Historische achtergrond
Koreaans Kungfu is van cruciaal belang voor de bestudering van de geschiedenis van de Koreaanse krijgskunsten. Het is het gevechtssysteem dat tot in detail beschreven is in de geillustreerde handleiding Muyedobotongji (1790) en het vormt het keerpunt in de geschiedenis van Koreaanse krijgskunsten van het pre-moderne naar het moderne tijdperk.
Krijgskunsten zijn van oudsher van vitaal belang voor Korea. De Koreaanse krijgskunsten zoals speerkunst en boogschieten waren vermaard, zelfs in China. Muurschilderingen uit het Koguryo tijdperk laten allerlei soorten krijgskunsten uit die tijd zien: van krijgskunsten voor ‘lange afstand’ zoals de pijl en boog en kruisboog, tot de krijgskunsten voor ‘korte afstand’ (oftewel close combat) zoals speer- en zwaardkunsten.
De militaire elite van de Koryo Dynasty bedreef krijgskunst gerelateerde spelen als Gyeokgu (polo) en Nongmahi (acrobatiek te paard), evenals speer- en zwaardkunst. Hierdoor werden de lagere klassen geinspireerd tot het beoefenen van vergelijkbare activiteiten voor vermaak zoals Soobak (ongewapend stoeien), Gakjeo (worstelen), Seokjeon (stenen-gooi gevechten) enzovoorts. Deze krijgsspeltradities werden ook nog tijdens het Joseon tijdperk (het volgende koninkrijk) volop beoefend. Rond deze tijd kwamen ook de cavalerie krijgskunsten op zoals Gichang (speerkunst te paard) en Gisa (boogschieten te paard) vanwege de voortdurende dreiging aan de noordgrens door nomaden stammen.
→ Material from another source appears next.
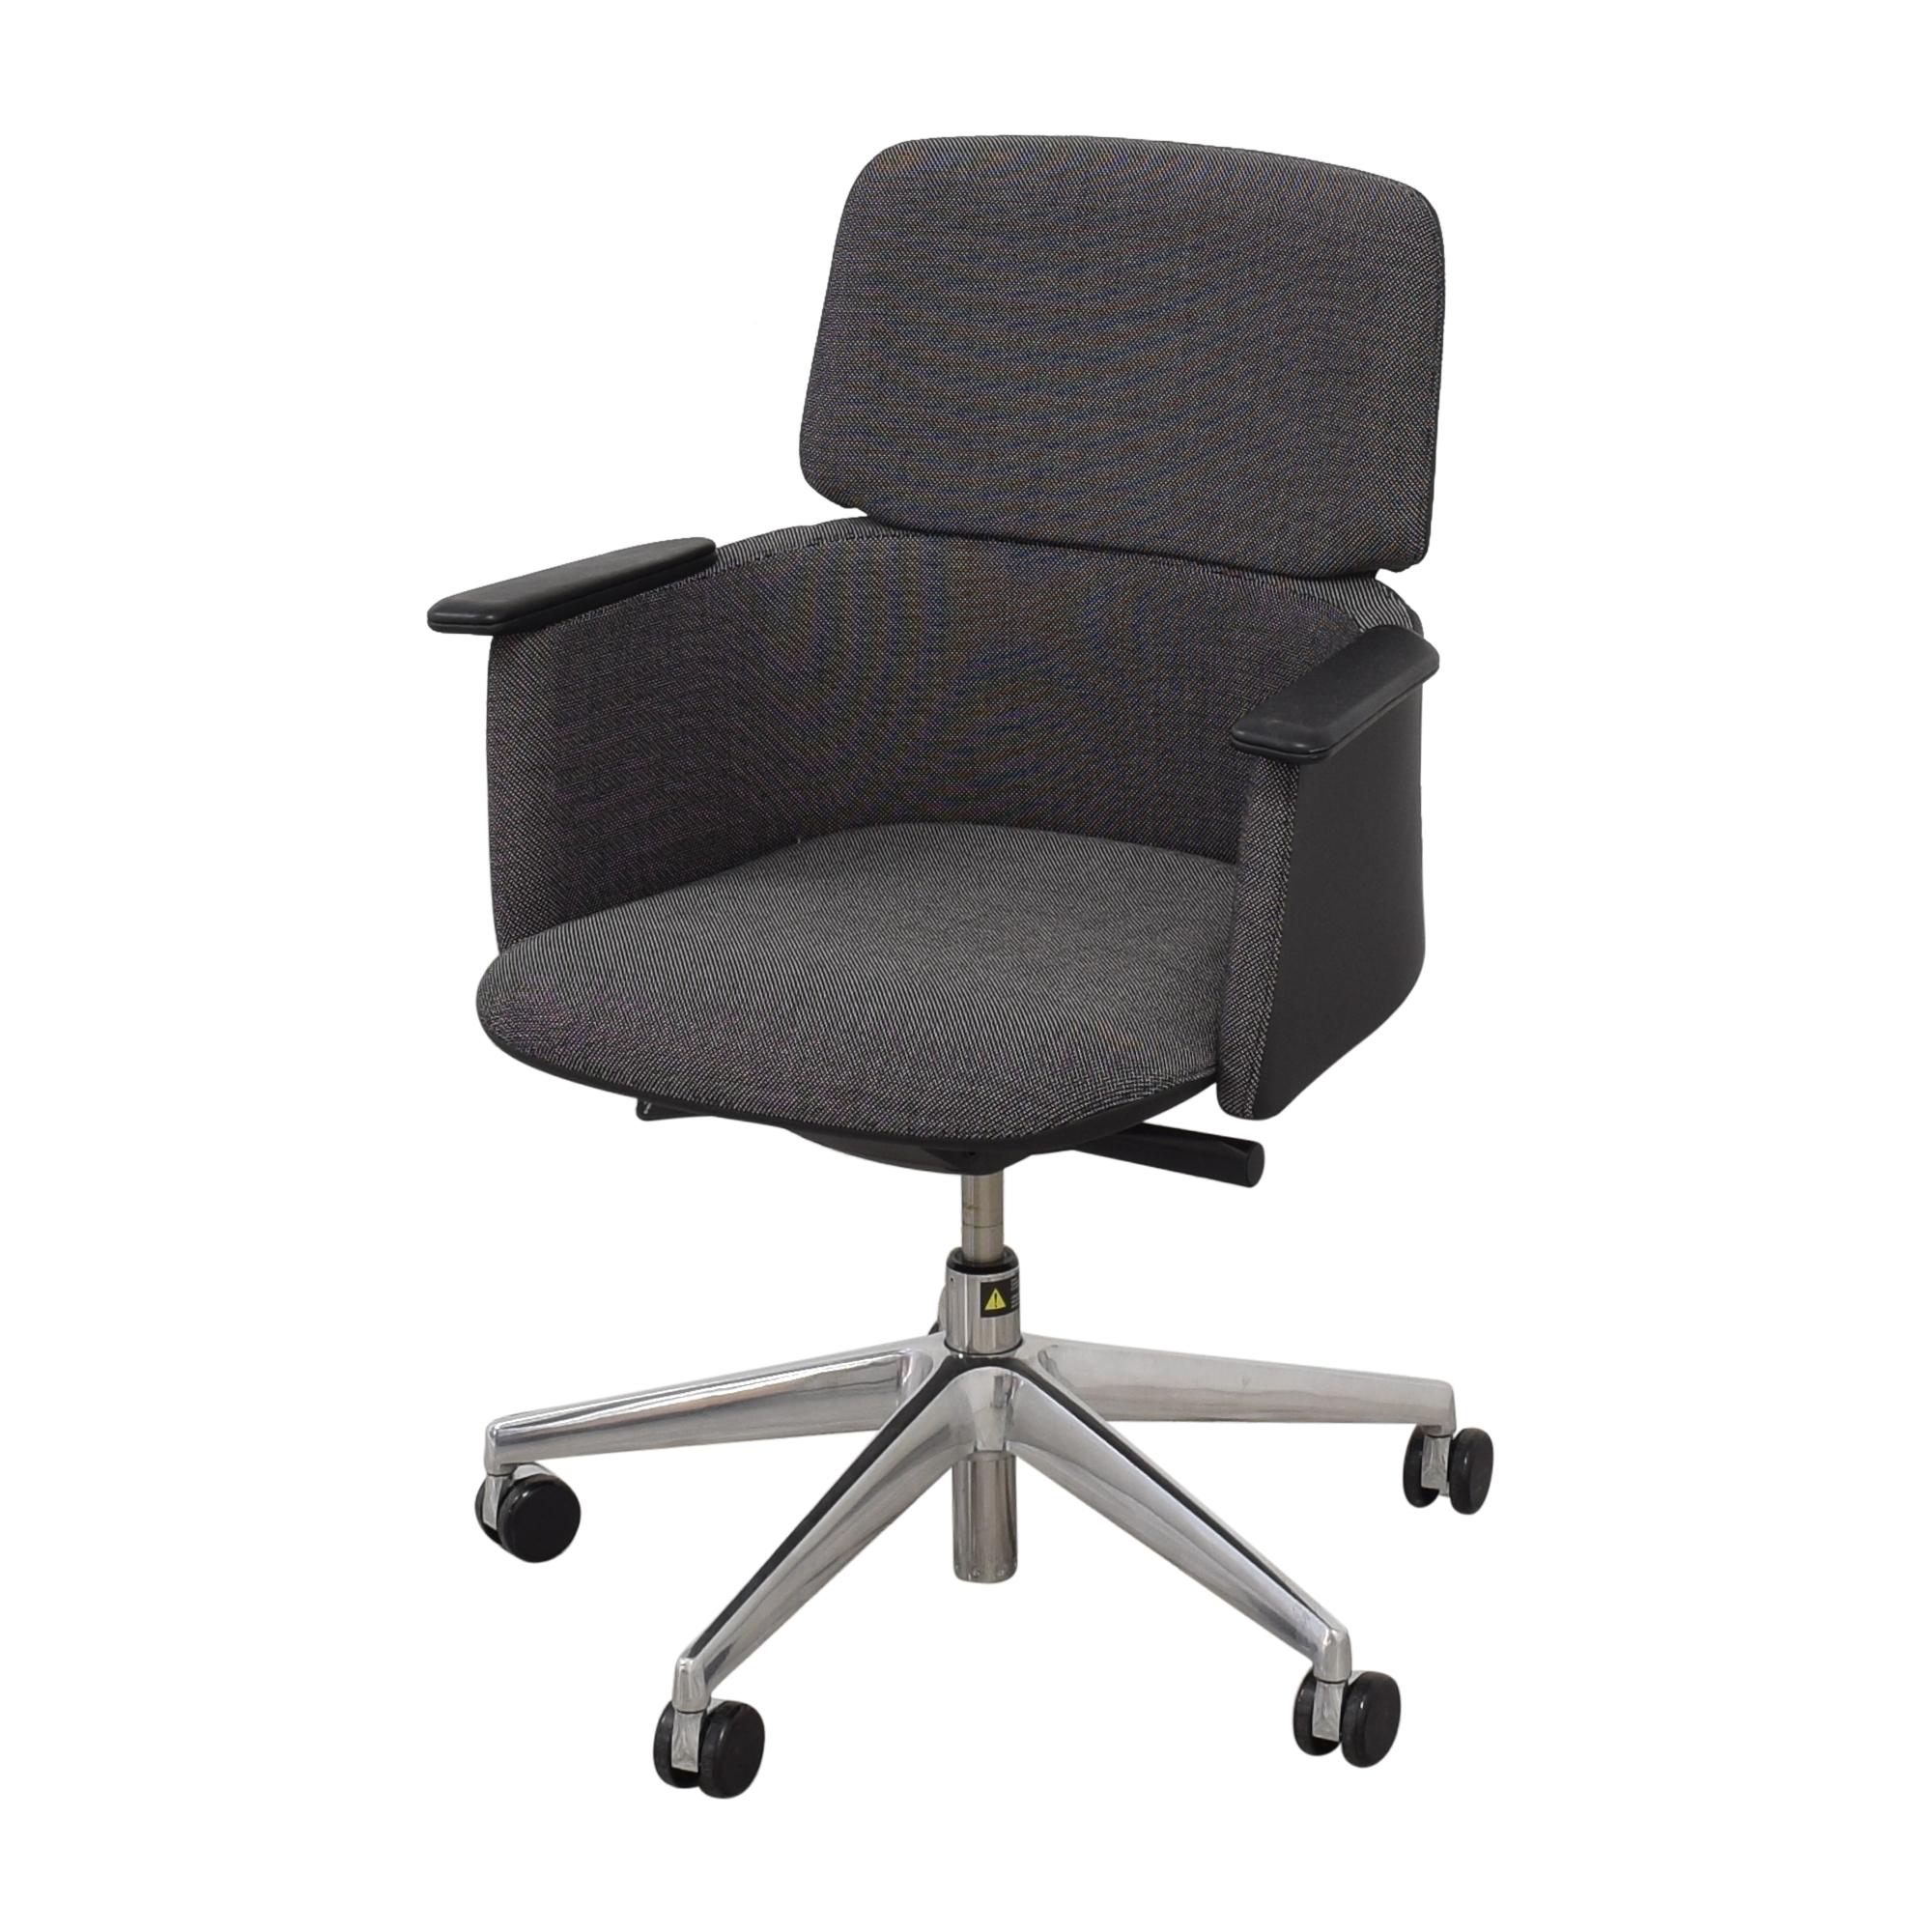 Koleksiyon Koleksiyon Tola Task Chair discount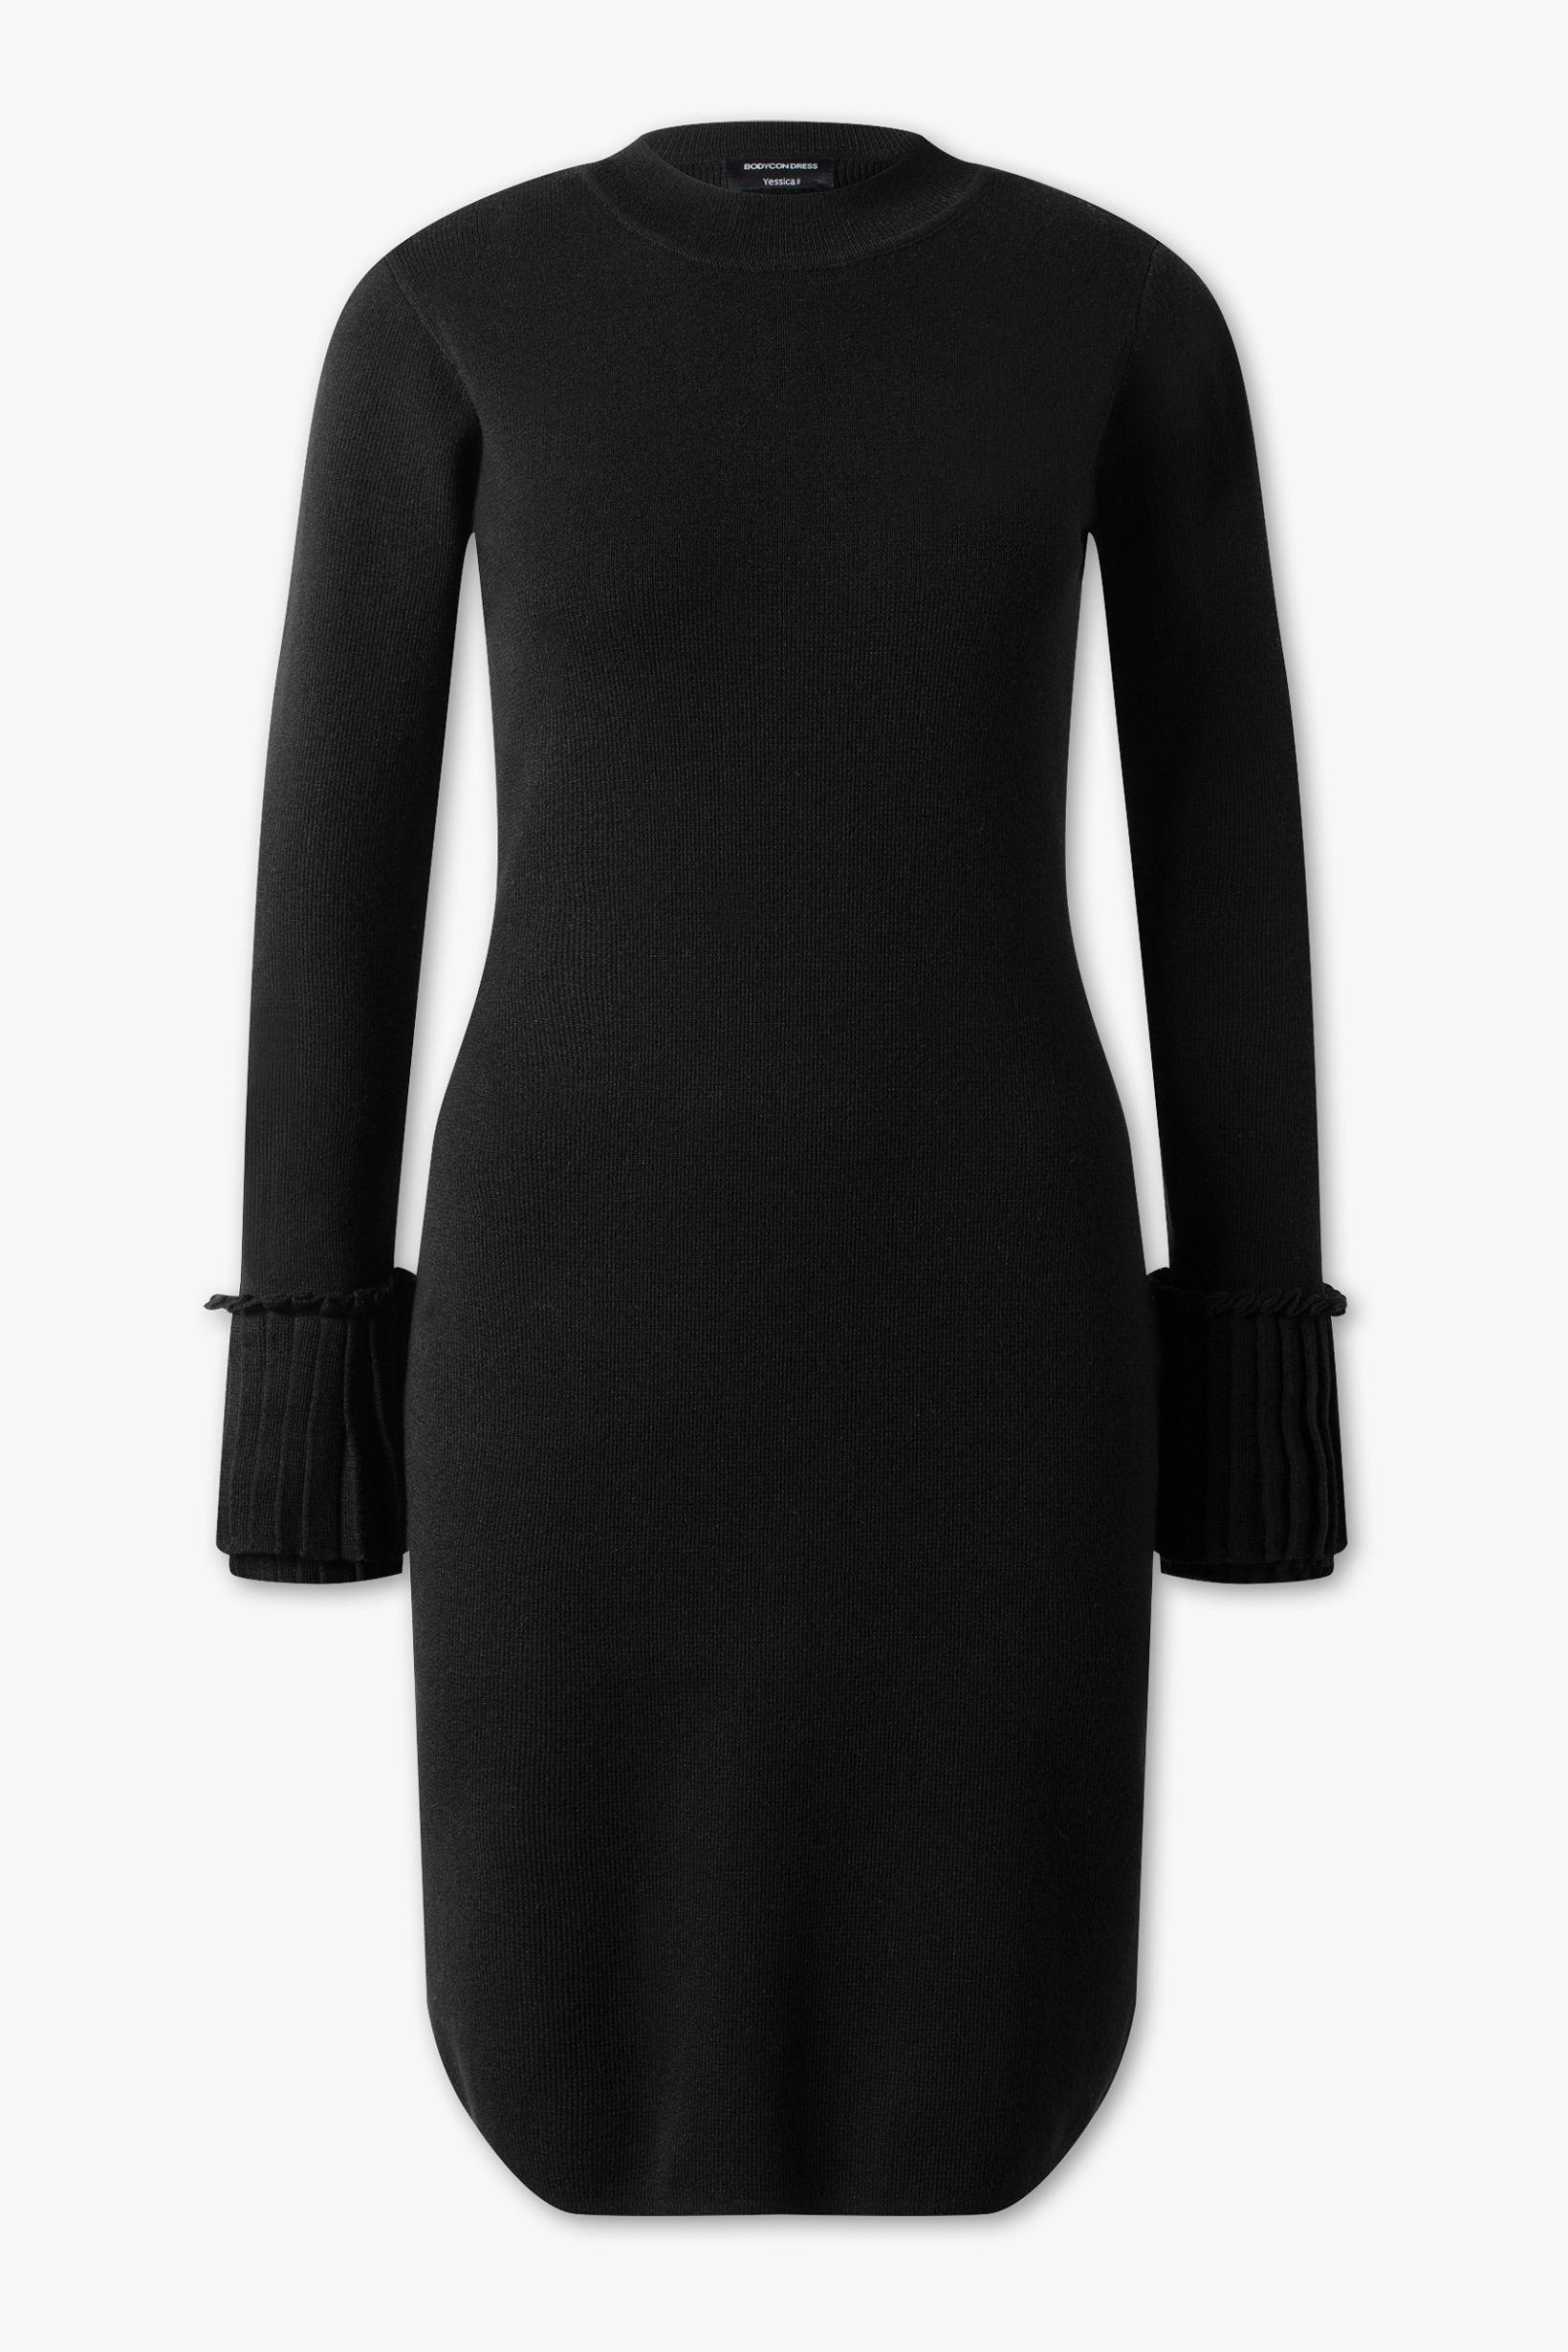 Gebreide jurk c&a

Na twee grote veldslagen met Japan en Mantsjoerije, onderging de militaire orde van de Joseon een drastische renovatie. De opkomst van vuurwapens voor het lange afstandsgevecht bood nieuwe strategische kansen. De musketten werden gecomplementeerd door sterk georganiseerde bataljons voor het korte afstandgevecht, met meer middelen en technieken. Hieruit ontstond het gevechtsysteem dat het Joseon tijdperk typeerde.
Met de ontbinding van het Joseon leger in 1907 door Japan kwam een einde de beoefening van Koreaans Kungfu door militaire troepen. Door Joseon militairen die bij het verzet actief waren, werd Koreaans Kungfu nog ondergronds beoefend. Bovengronds werden de Japanse krijgskunsten judo, kendo en karate getransplanteerd en op grote schaal gepropageerd voor pedagogische doeleinden op educatieve instellingen. Na 35 jaar culturele transplantatie was bijna elke Koreaan gevormd in Japanse martial arts.
Na de bevrijding van de Japanse bezetting in 1945, werden door nationalistisch sentiment gedreven, allerlei soorten ‘traditionele’ Koreaanse krijgskunsten hervonden of geconstrueerd, die allemaal beweren Korea’s erfgoed te vertegenwoordigen. Echter zijn deze vrijwel allemaal verkoreaniseerde versies van Japanse krijgskunsten. Deze en andere factoren hebben het zicht op traditionele Koreaanse krijgskunsten vertroebeld.
Inmiddels is er steeds meer academisch onderzoek gedaan naar de werkelijke historische achtergronden van Koreaanse martial arts. Koreaans Kungfu krijgt hierdoor steeds meer erkenning als de officiële martial arts van de Joseon, het Korea van voor de Japanse bezetting.
In 2007 heeft het Zuid-Koreaanse leger het Nationale Traditionele Leger Demonstratie Troepen opgericht om de oorspronkelijke militaire tradities in ere te herstellen. Deze troepen geven Koreaans Kungfu demonstraties en laten zo de bloeiperiode van de Koreaanse krijgskunsten herleven. Precies een eeuw nadat het leger werd ontwapend door de Japanse bezetter in 1907.